* ACTION ITEM:
Quote the lines of the data below verbatim, beginning at the line that contains "download-practice-the-color-names-worksheets-vikramlearning" and ending at the last line, both included, and excluding pictures.

START INPUT DATA

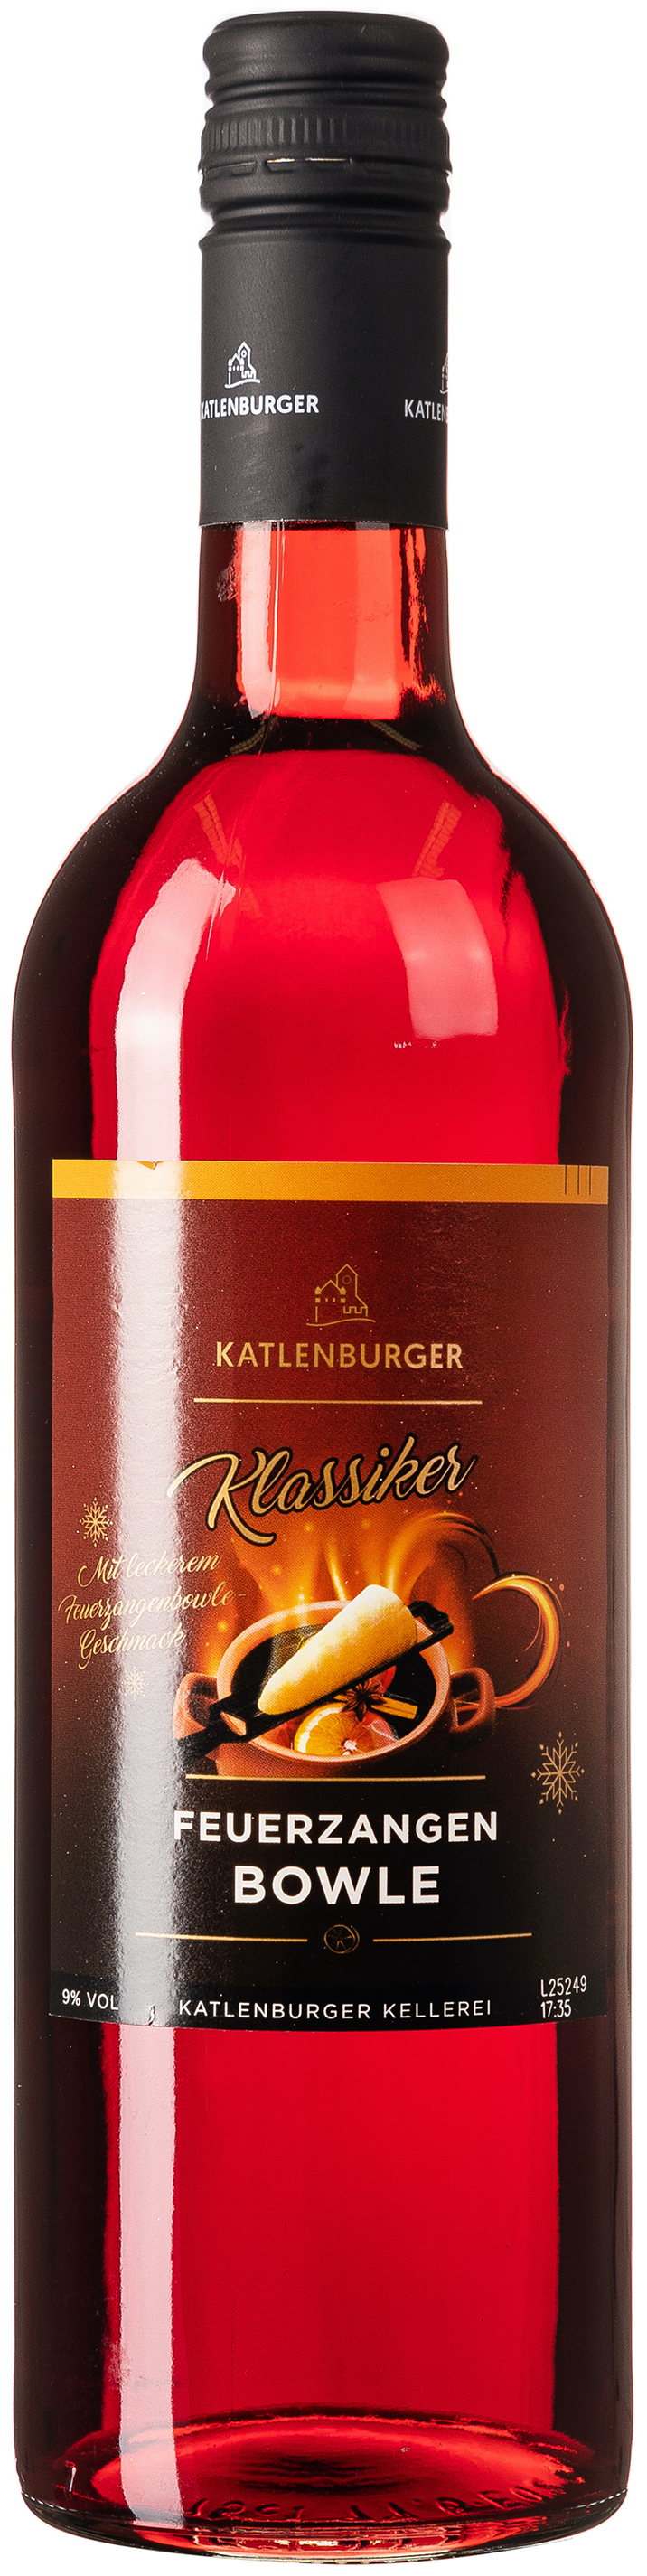 Katlenburger Feuerzangen Bowle 9% vol. 0,75L
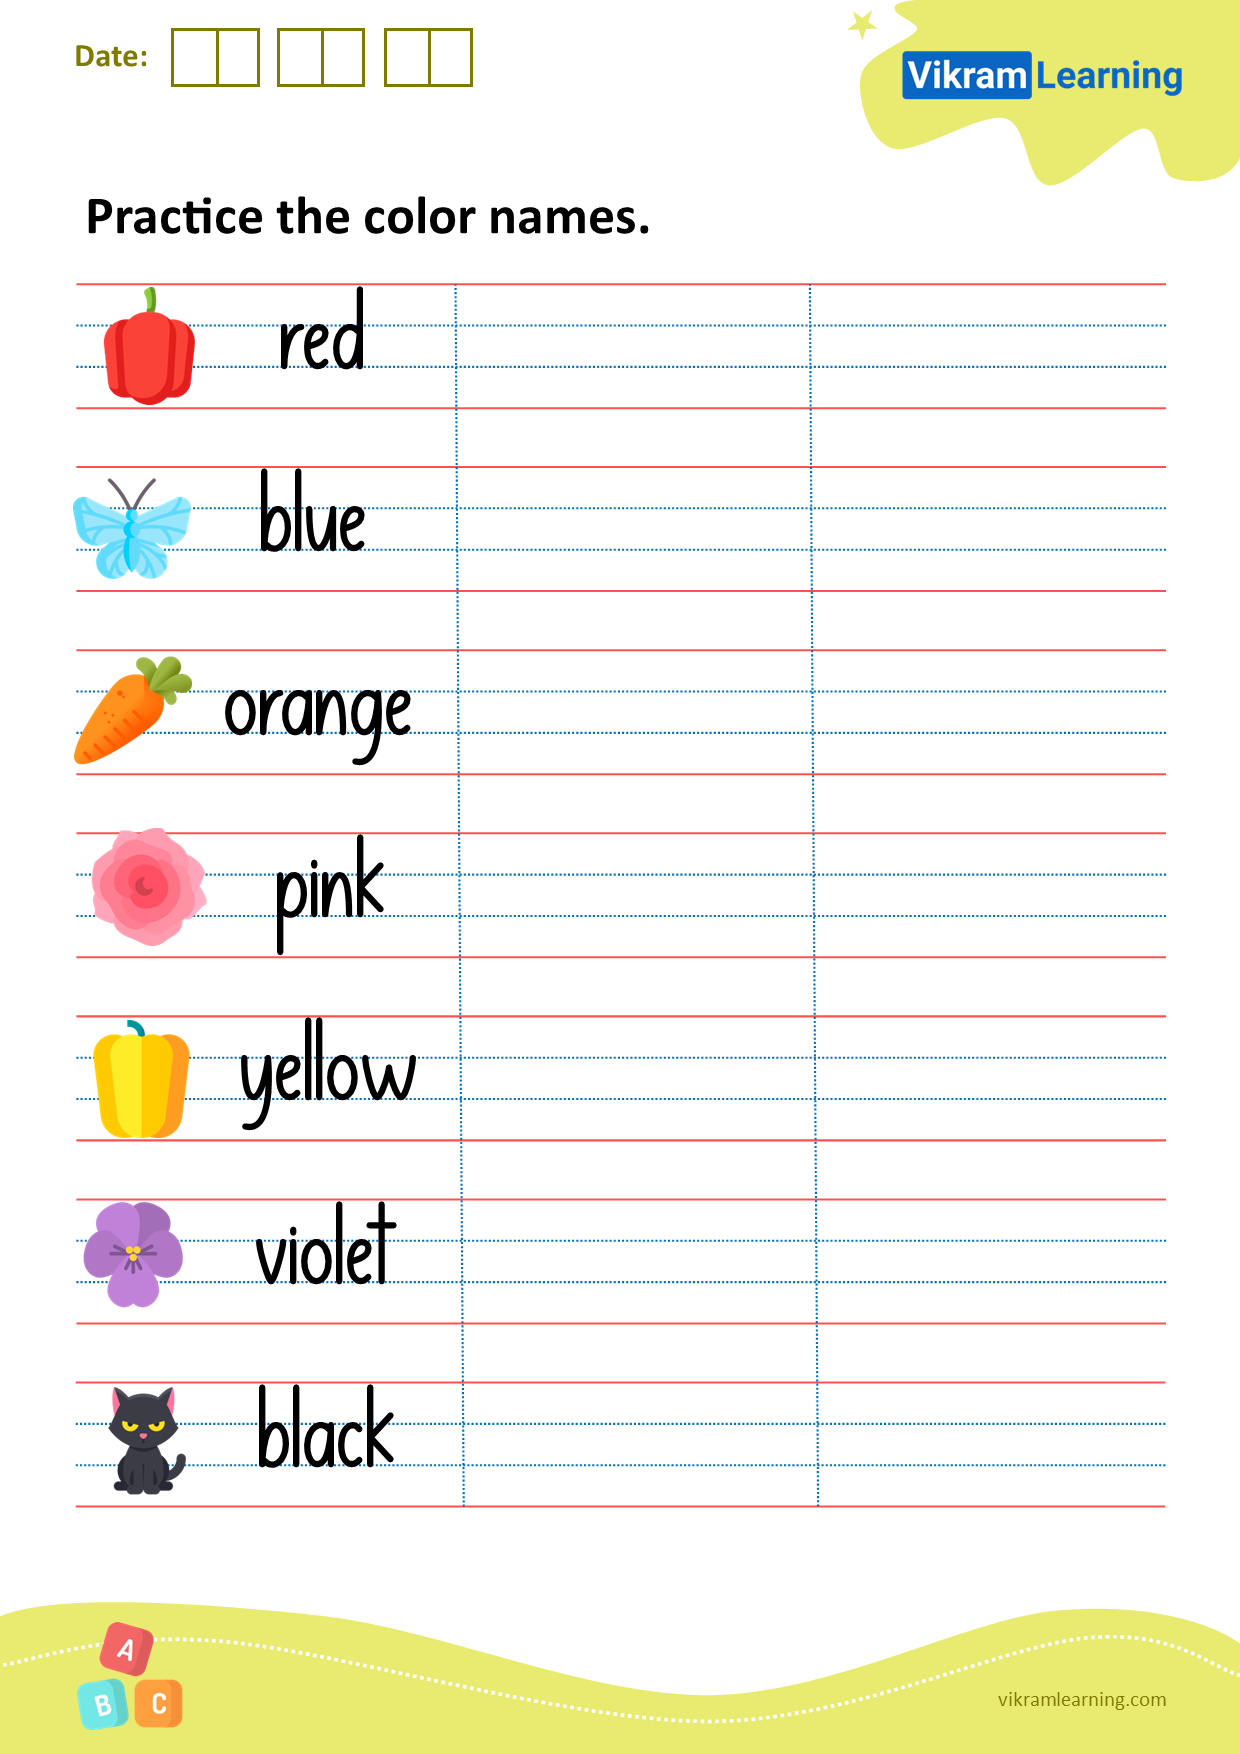 download-practice-the-color-names-worksheets-vikramlearning
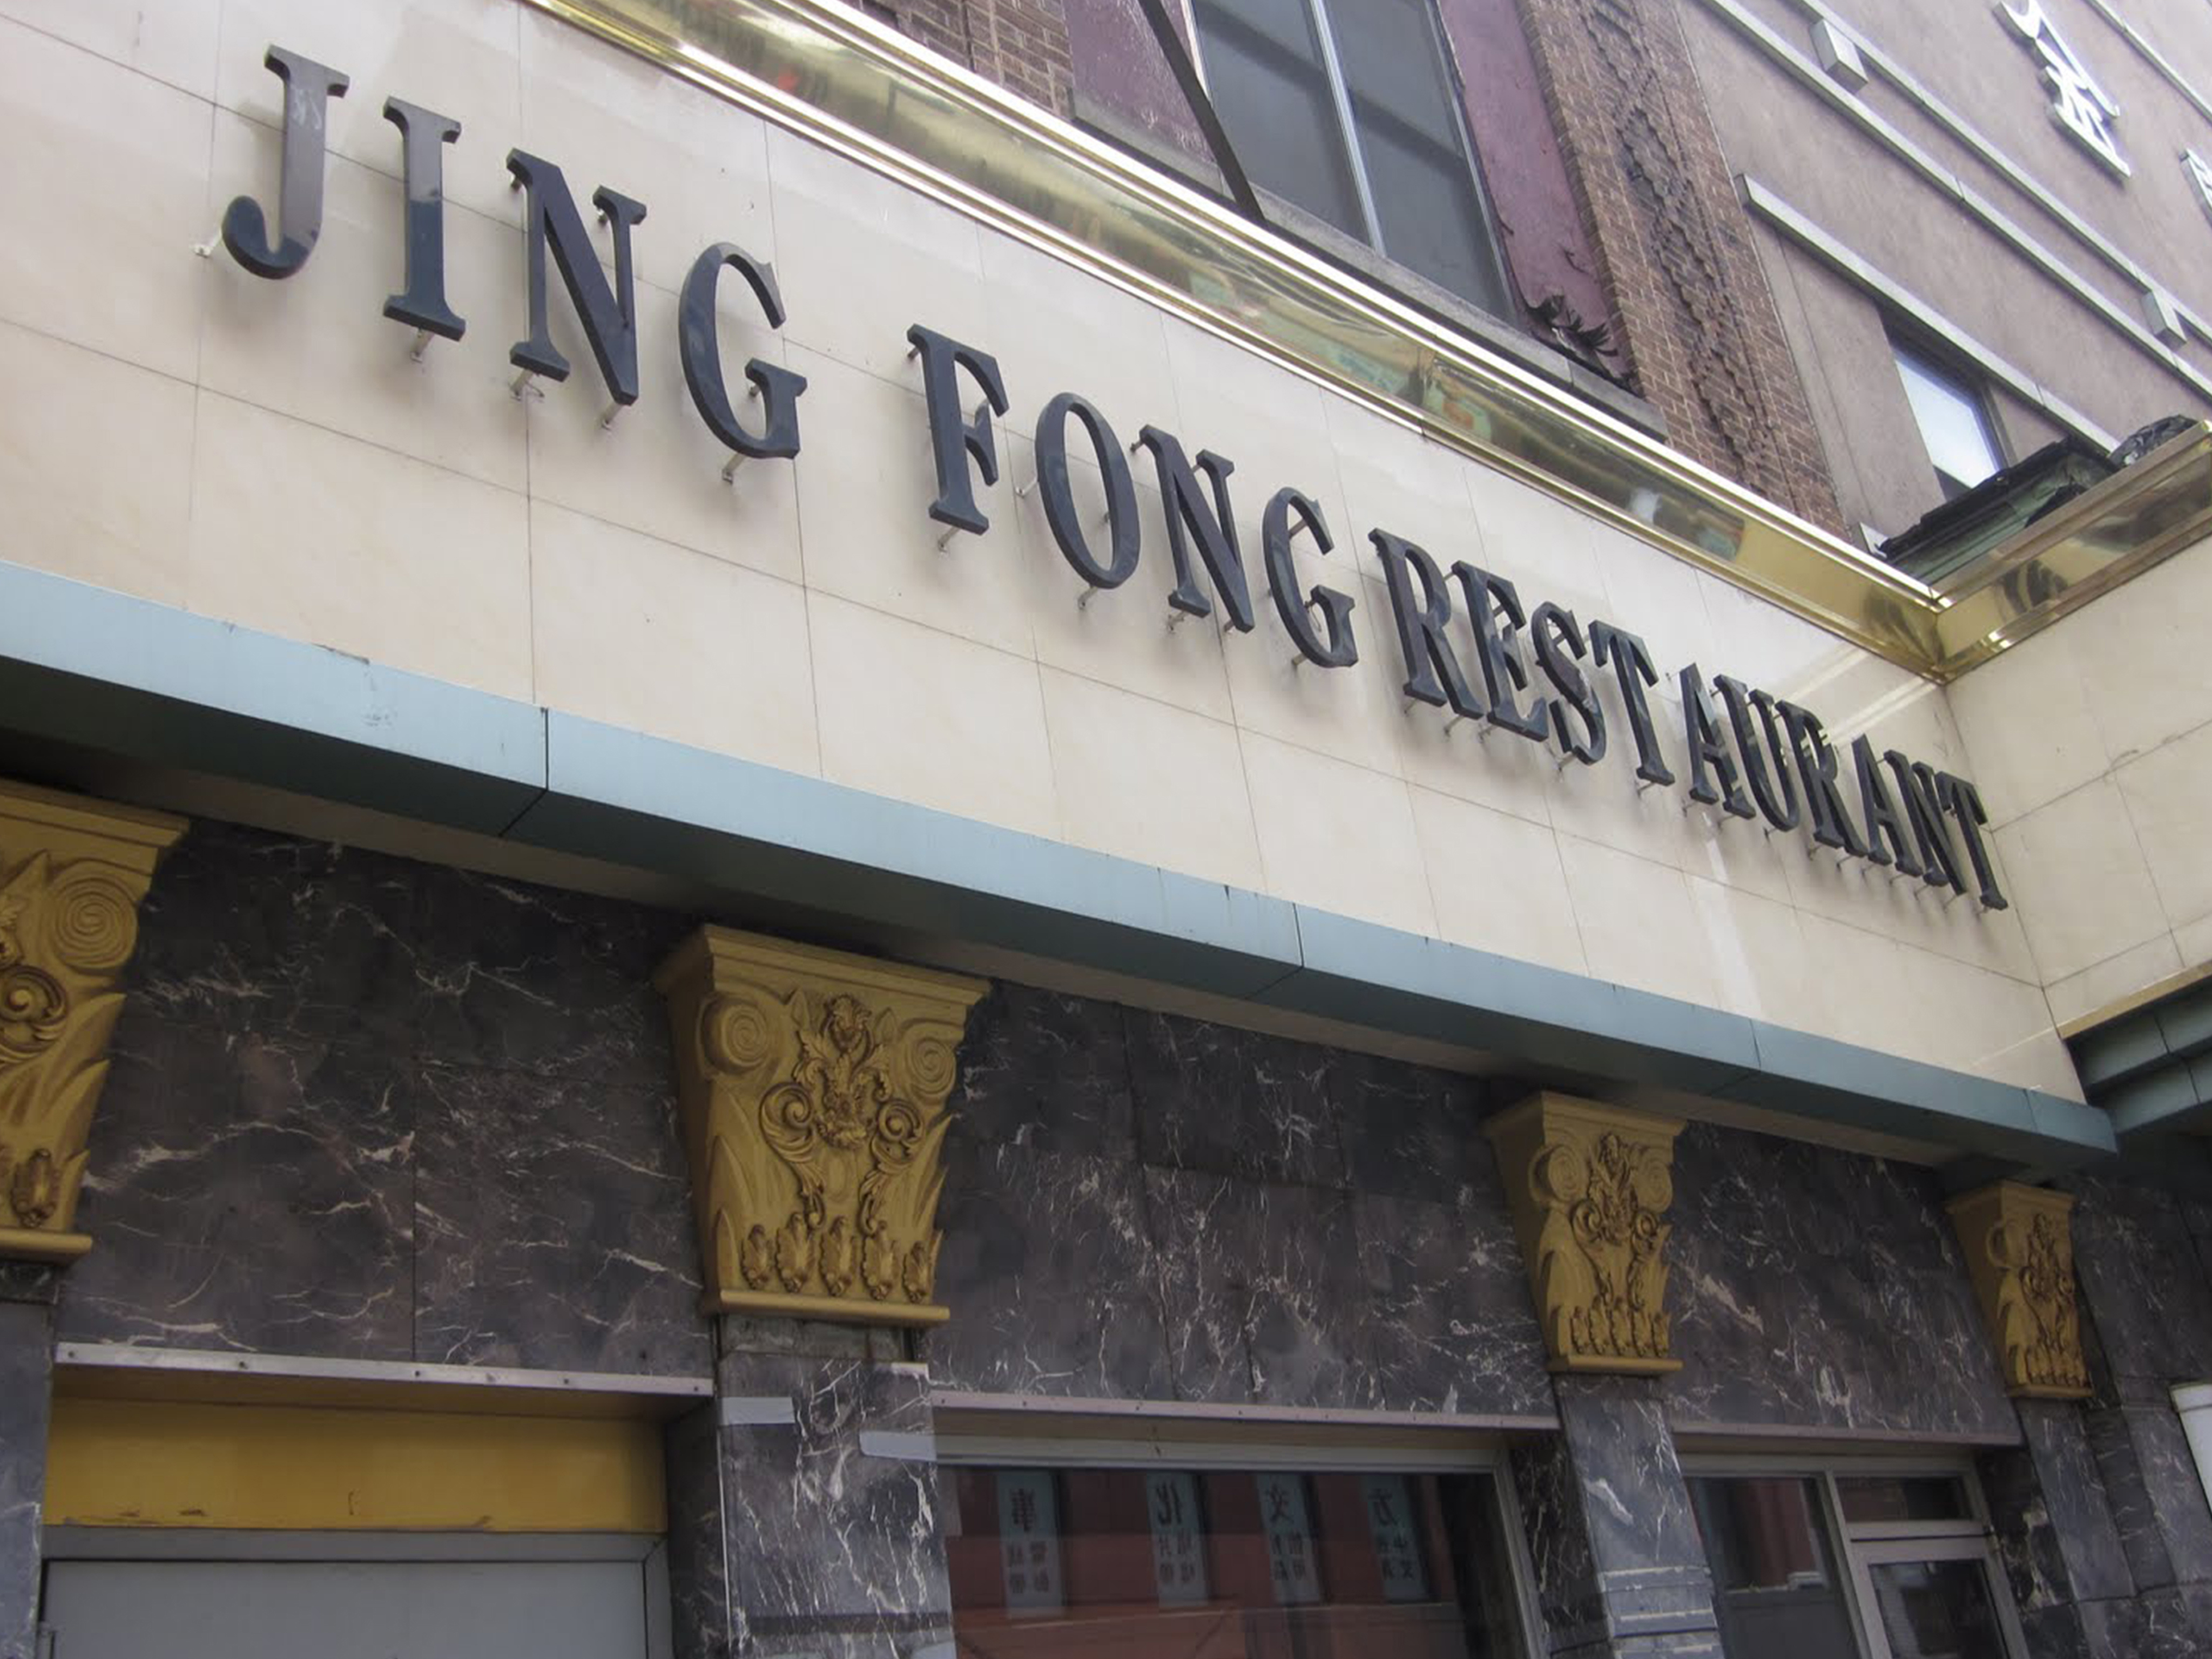 jing fong restaurant new york city

END INPUT DATA

* TASK RESULT:
 download-practice-the-color-names-worksheets-vikramlearning
 jing fong restaurant new york city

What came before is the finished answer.